Background and aims: The question of when and how to treat truly asymptomatic patients with severe aortic stenosis (AS) and normal left ventricular (LV) systolic function is still subject to debate and ongoing research. Here, the results of extended follow-up of the AVATAR trial are reported (NCT02436655, ClinicalTrials.gov).

Methods: The AVATAR trial randomly assigned patients with severe, asymptomatic AS and LV ejection fraction ≥ 50% to undergo either early surgical aortic valve replacement (AVR) or conservative treatment with watchful waiting strategy. All patients had negative exercise stress testing.

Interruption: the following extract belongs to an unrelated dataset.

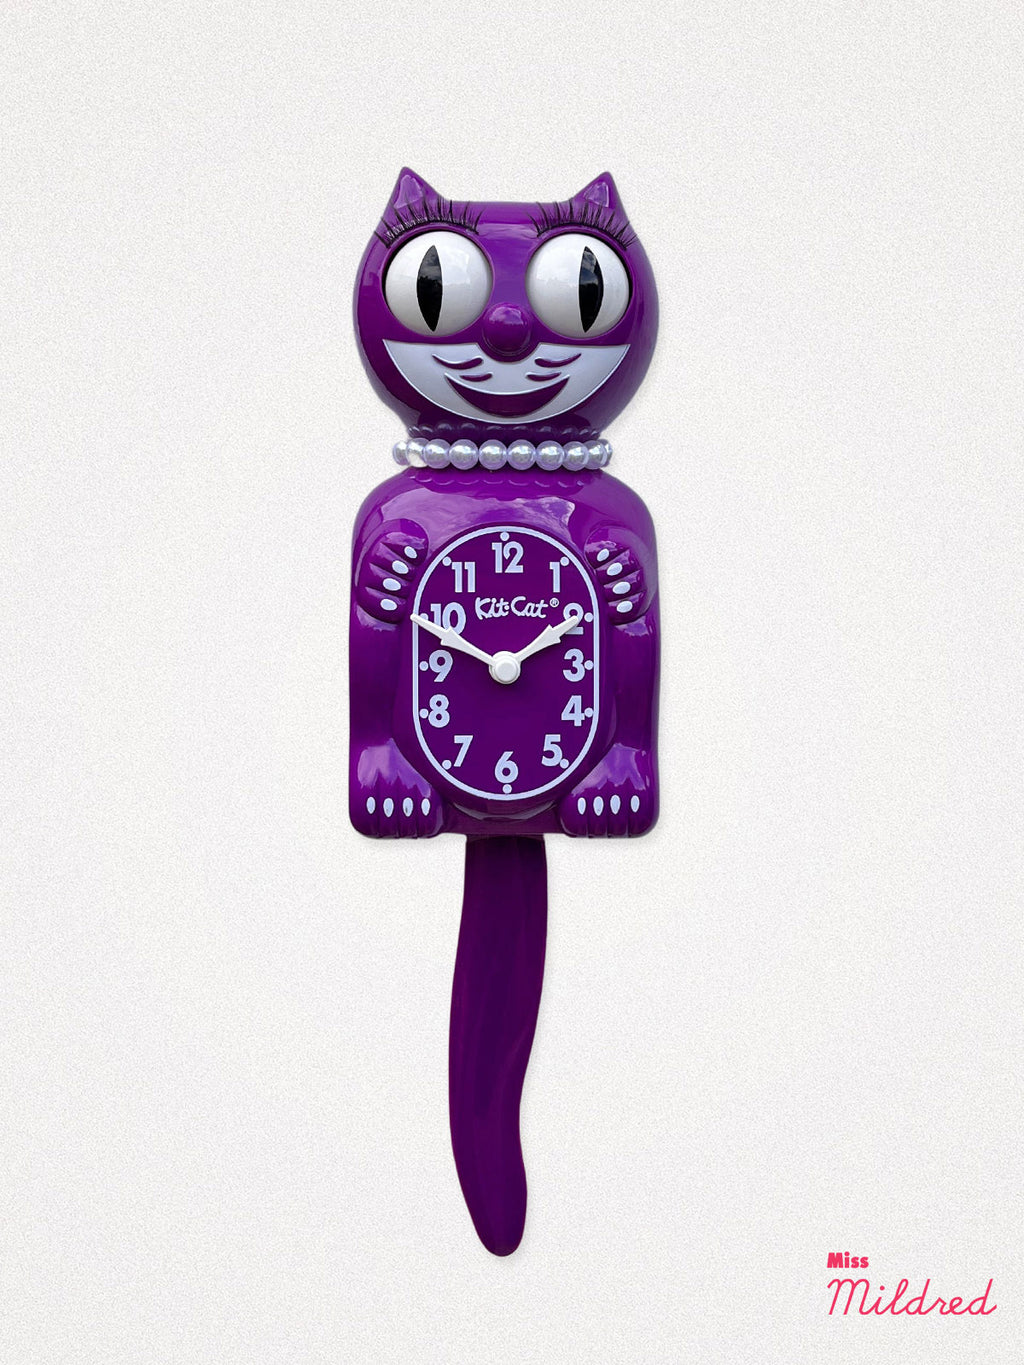 Kit Cat Clock - Original Large Size - Boysenberry Purple Necklace

The primary hypothesis was that early AVR will reduce a primary composite endpoint comprising all-cause death, acute myocardial infarction, stroke, or unplanned hospitalization for heart failure (HF), as compared with conservative treatment strategy.

Results: A total of 157 low-risk patients (mean age 67 years, 57% men, mean Society of Thoracic Surgeons score 1.7%) were randomly allocated to either the early AVR group (n = 78) or the conservative treatment group (n = 79). In an intention-to-treat analysis, after a median follow-up of 63 months, the primary composite endpoint outcome event occurred in 18/78 patients (23.1%) in the early surgery group and in 37/79 patients (46.8%) in the conservative treatment group [hazard ratio (HR) early surgery vs. conservative treatment 0.42; 95% confidence interval (CI) 0.24-0.73, P = .002]. The Kaplan-Meier estimates for individual endpoints of all-cause death and HF hospitalization were significantly lower in the early surgery compared with the conservative group (HR 0.44; 95% CI 0.23-0.85, P = .012, for all-cause death and HR 0.21; 95% CI 0.06-0.73, P = .007, for HF hospitalizations).

Conclusions: The extended follow-up of the AVATAR trial demonstrates better clinical outcomes with early surgical AVR in truly asymptomatic patients with severe AS and normal LV ejection fraction compared with patients treated with conservative management on watchful waiting.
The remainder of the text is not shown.